Sięgać szczytów z poezją Grzegorza Podsiadło w tomiku „Wyżej”

Ilekroć sięgam po tomiki Poetów zawsze utwierdzam się w przekonaniu, że mają Oni jeszcze wiele do powiedzenia. Metaforyczne obrazy każdego wiersza zmieniają pole widzenia i ostrość dostrzeganych kształtów słów, czy przestrzeni zawartych w przesłaniu każdego z nich. Poezja Grzegorza Podsiadło pokazuje obrotność poetyckich strof, w których każdy dźwięk, najcichszy szmer, czy spowity mgłą uniesienia wyraz charakterystycznej, człowieczej postawy buduje cieniutką, aczkolwiek wyrazistą nić erudycji w postrzeganiu prostoty i namacalności pytań egzystencjalnych.

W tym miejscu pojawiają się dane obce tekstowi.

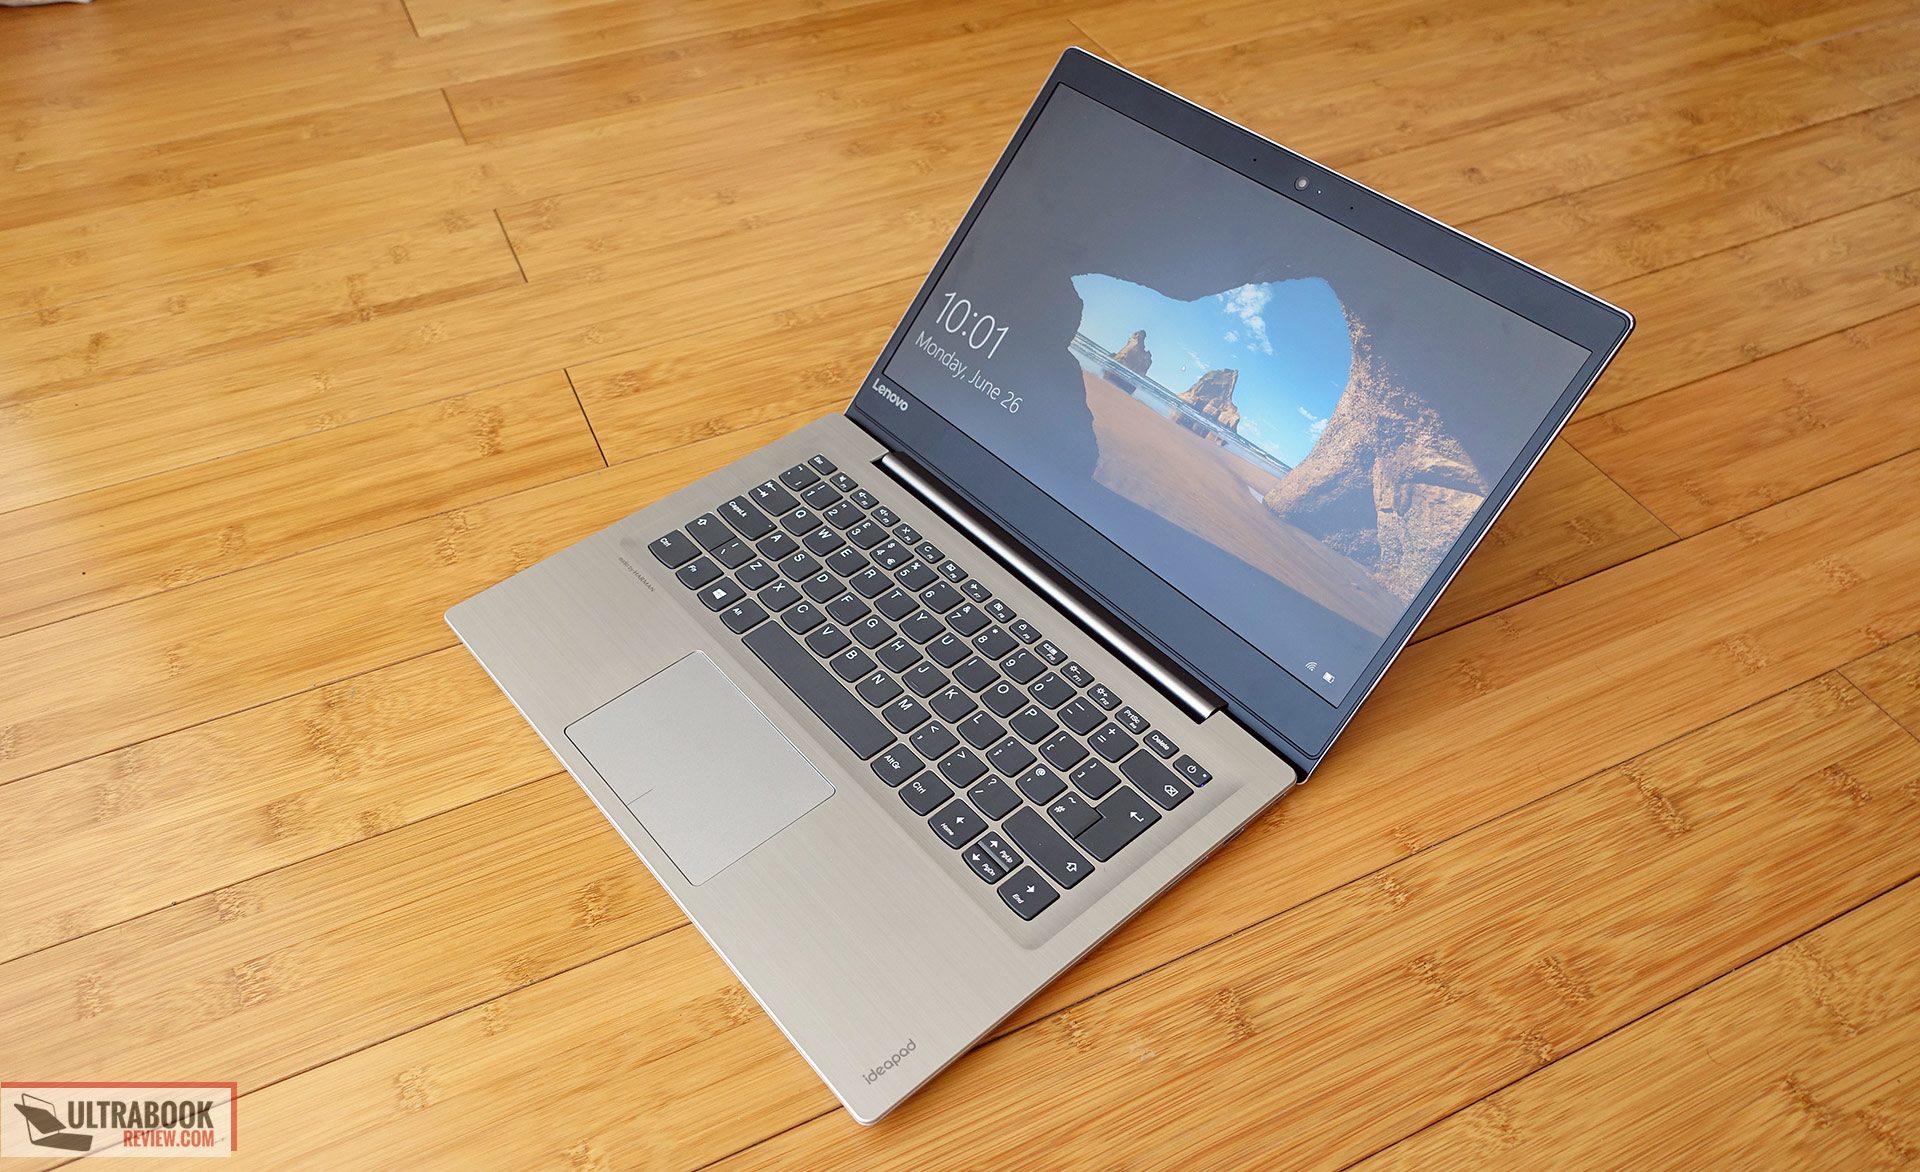 paz Anoi clima Lenovo IdeaPad 320S review - affordable and compact 14-inch notebook
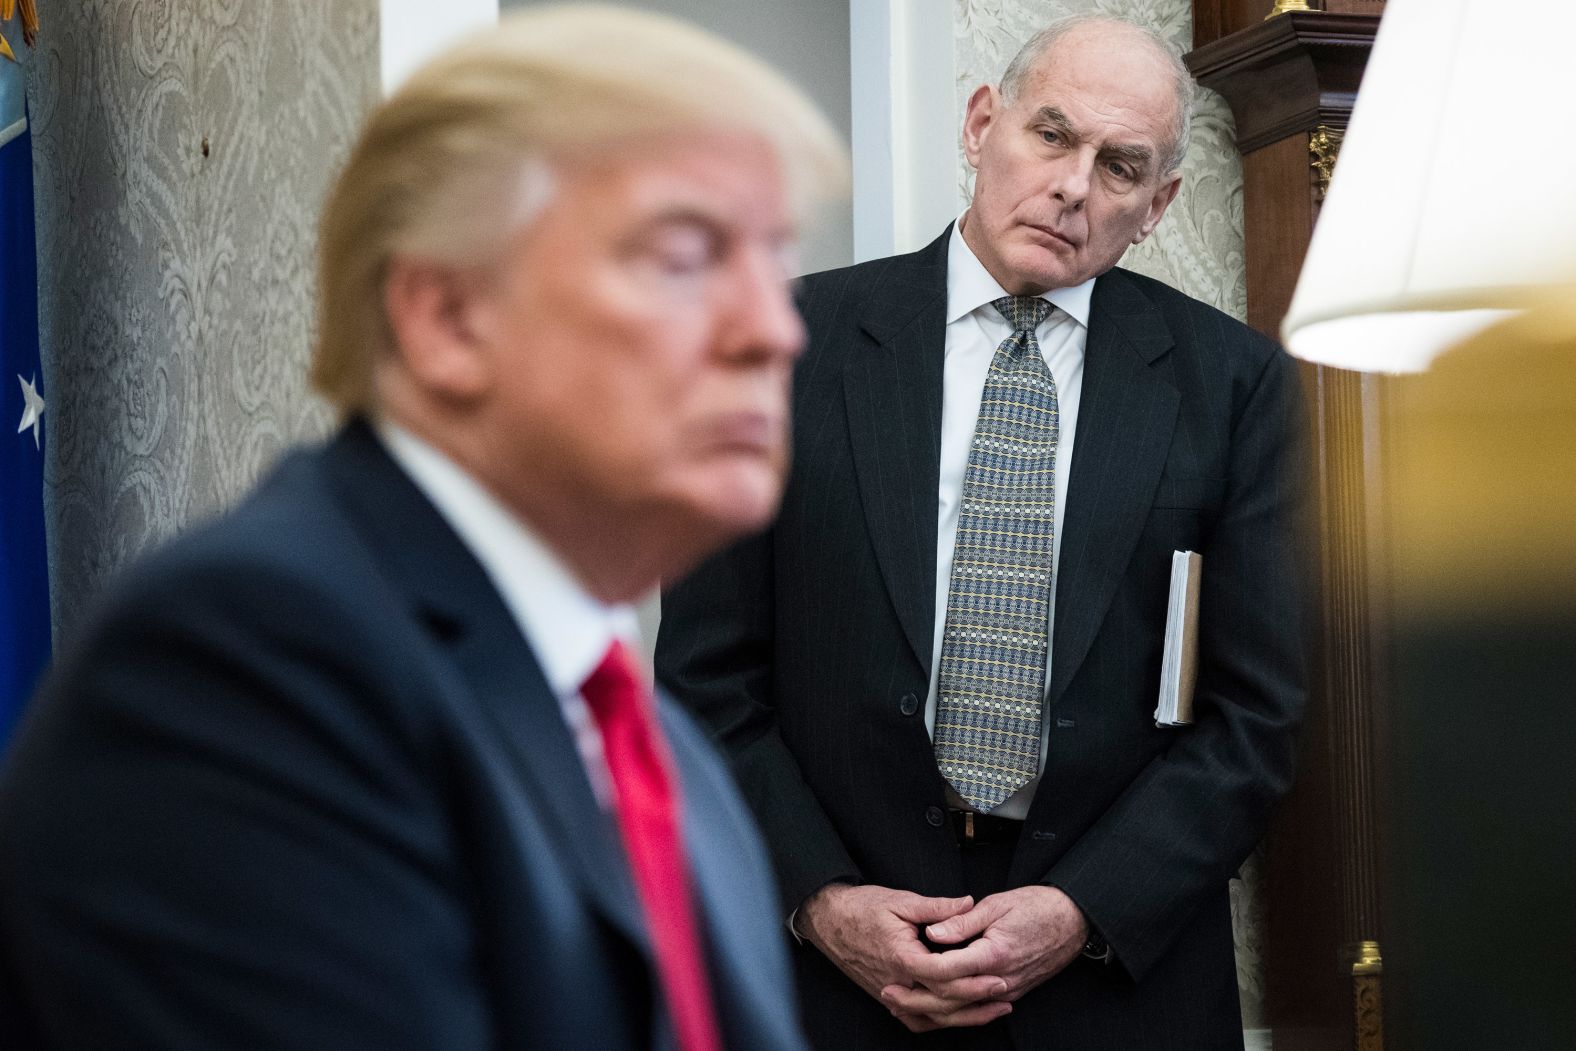 White House Chief of Staff John Kelly watches as Trump speaks during a meeting with North Korean defectors in the Oval Office on February 2. Later in the year, <a href="https://www.cnn.com/2018/12/08/politics/donald-trump-john-kelly/index.html" target="_blank">Trump announced</a> Kelly would be leaving his position. Trump noted Kelly had been with him for almost two years in his roles as chief of staff and secretary of homeland security. "I appreciate his service very much," the President said.

Każdy z wierszy poety jest swoistym wyrazem Jego pasji. Wspinać się na szczyty gór, przezwyciężać słabości, to także doskonała alegoria do ludzkiej egzystencji i życiowych postaw, często zachwianych w codziennościach, co doskonale portretuje w wierszu „Moje życie”: „idę przed siebie z duszą na ramieniu/ towarzyszy mi marny twór mej głowy/ nie idę do słońca nie idę w cieniu/ idę przed siebie torem środkowym […].” Nie bez znaczenia jest także tytuł tomiku. Jak wysoko można pójść, do jakich apogeów dojść, które pozwolą ogarnąć się tylko rozumem, a które dopuszczą nas także naszym śladem?
W budowie i konstrukcji narzuca się jedno – prostota i niezwykła sugestywność. Autor postarał się, by wiersze nie burzyły swojego rytmu niepotrzebnymi znakami interpunkcyjnymi, czy zagracaniem przypadkowymi myślami. Każdy jest przemyślany, z odpowiednim ładunkiem emocjonalnym, odzwierciedlający dogłębność przemyśleń i uniesień w chwili afektywnego zatracenia na górskich szlakach. Jest w nich pewna epistemologia życia, oddająca mądre i sugestywne algorytmy, bo każdy z nas jest prekursorem innej filozofii i delikatnie przemyca ją w swojej twórczości.
„sztuka nie potrzebuje definicji” – z wiersza „Zgórmysyny”
„Wyżej” to poezja stonowana, grająca wszystkimi zmysłami, poddająca się procesom. Poezja nacechowana prostotą słowa, jego kolorem i głębokim znaczeniem. Poeta afirmuje związek człowieka z naturą – metaforycznym dążeniem ku górze, bez krzykliwości i zbędnych ozdobników. Ujmująca i ważna! Szczerze polecam!